If you would like the build the binary yourself, you can do so using these commands:
```bash
$ git clone https://github.com/carlvoller/excel-rs
$ cargo build --release
$ ./target/release/cli-excel-rs csv --in my_csv.csv --out my_excel.xlsx
```

## Rust
TODO: Add rust documentation

## Benchmarks
With a focus on squeezing out as much performance as possible, **py-excel-rs** is up to **45.5x** faster than `pandas` and **12.5x** faster than the fastest `xlsx` writer on pip.

**cli-excel-rs** also managed to out perform [csv2xlsx](https://github.com/mentax/csv2xlsx?tab=readme-ov-file), the most poopular csv to xlsx tool. It is up to **12x** faster given the same dataset.

These tests used a sample dataset from [DataBlist](https://www.datablist.com/learn/csv/download-sample-csv-files) that contained 1,000,000 rows and 9 columns.

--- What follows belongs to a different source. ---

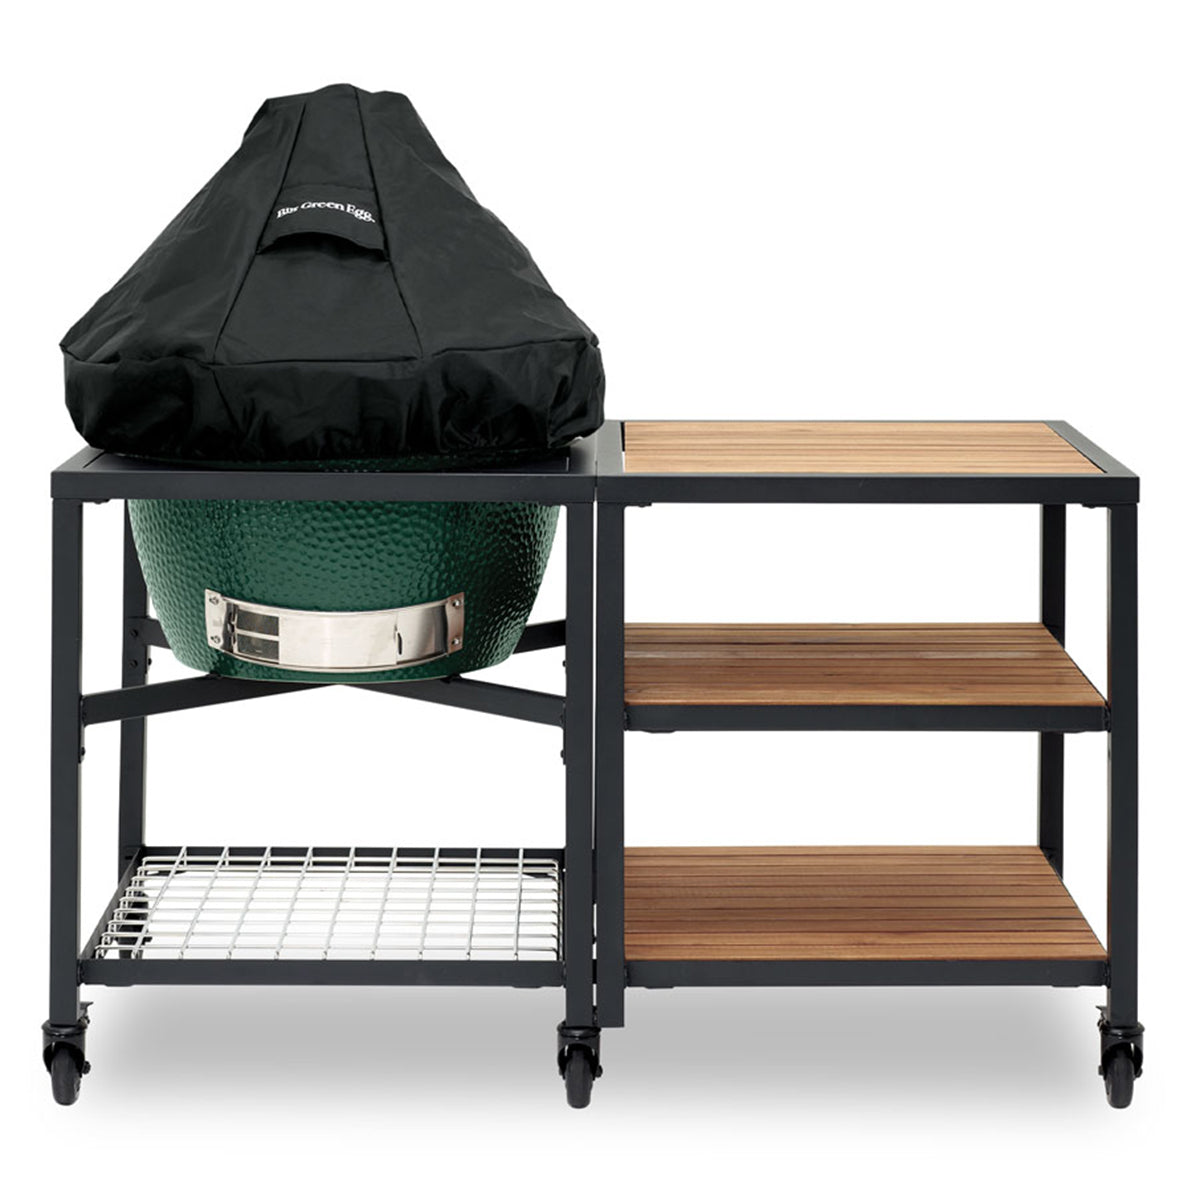 Cover Type F - Universal-Fit for Big Green Egg
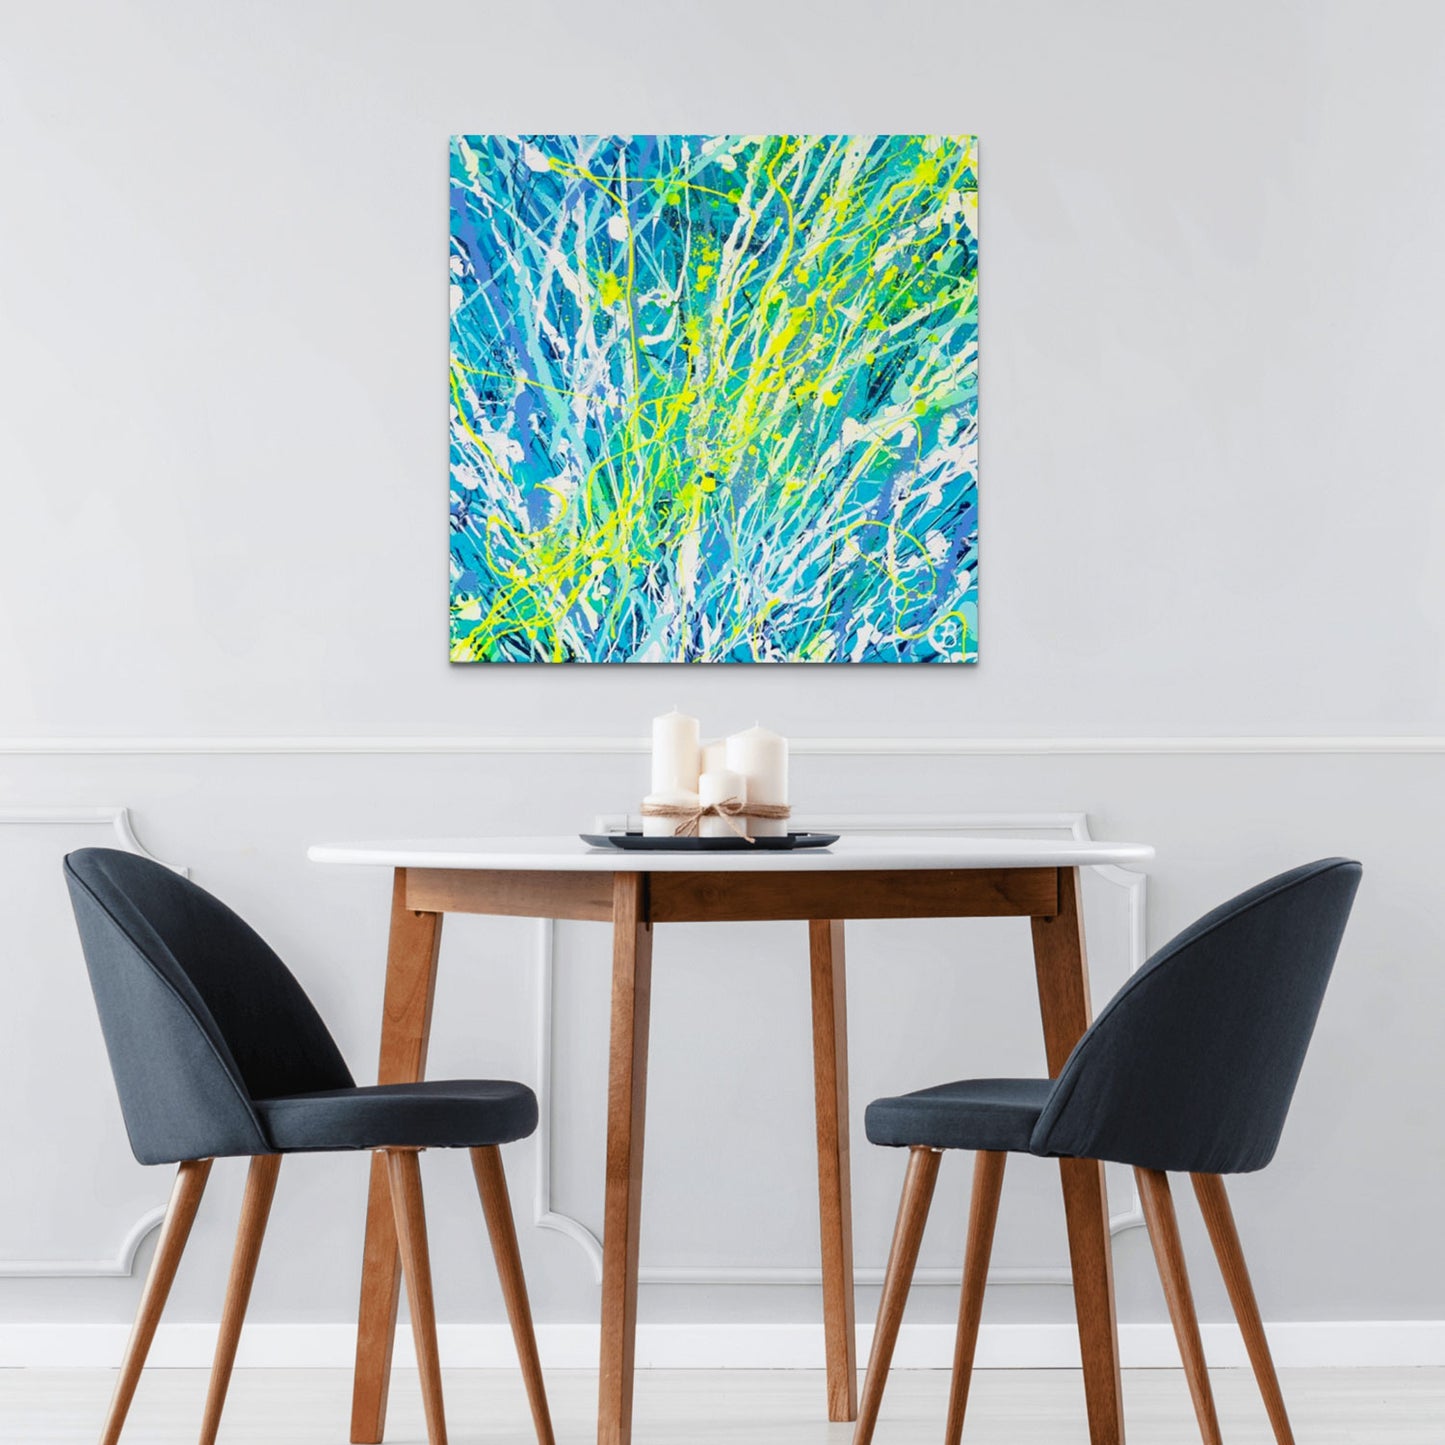 'Luminescence' Original Painting Abstract Expressionism by Bridget Bradley seen hanging above Dining Table and Black Chairs. Vibrant contemporary art.

Tests were conducted on an Macbook Pro M1 Max with 64GB of RAM

### Python 

#### py-excel-rs (2.89s)
```bash
$ time python test-py-excel-rs.py
python3 test-py-excel-rs.py  2.00s user 0.18s system 99% cpu 2.892 total
```

#### openpyxl (97.38s)
```bash
$ time python test-openpyxl.py
python3 test-openpyxl.py  94.48s user 2.39s system 99% cpu 1:37.38 total
```

#### pandas `to_excel()` (131.24s)
```bash
$ time python test-pandas.py
python3 test-pandas.py  127.99s user 2.75s system 99% cpu 2:11.24 total
```

#### pandas `to_excel(engine="xlsxwriter")` (82.29s)
```bash
$ time python test-pandas-xlsxwriter.py
python3 test-pandas-xlsxwriter.py  76.86s user 1.95s system 95% cpu 1:22.29 total
```

#### xlsxwriter (42.543s)
```bash
$ time python test-xlsxwriter.py
python3 test-xlsxwriter.py  41.58s user 0.81s system 99% cpu 42.543 total
```

#### pyexcelerate (35.821s)
```bash
$ time python test-pyexcelerate.py
python3 test-pyexcelerate.py  35.27s user 0.33s system 99% cpu 35.821 total
```

### Command Line Tools

#### cli-excel-rs (2.756s)
```bash
$ time ./cli-excel-rs csv --in organizations-1000000.csv --out results.xlsx
./cli-excel-rs csv --in organizations-1000000.csv --out 2.69s user 0.07s system 99% cpu 2.756 total
```

#### [csv2xlsx](https://github.com/mentax/csv2xlsx?tab=readme-ov-file)  (33.74s)
```bash
$ time ./csv2xlsx --output results.xlsx organizations-1000000.csv
./csv2xlsx --output results.xlsx organizations-1000000.csv  57.63s user 1.62s system 175% cpu 33.740 total
```

### Rust

TODO: Add Rust Benchmark comparisons to rust_xlsxwriter, etc.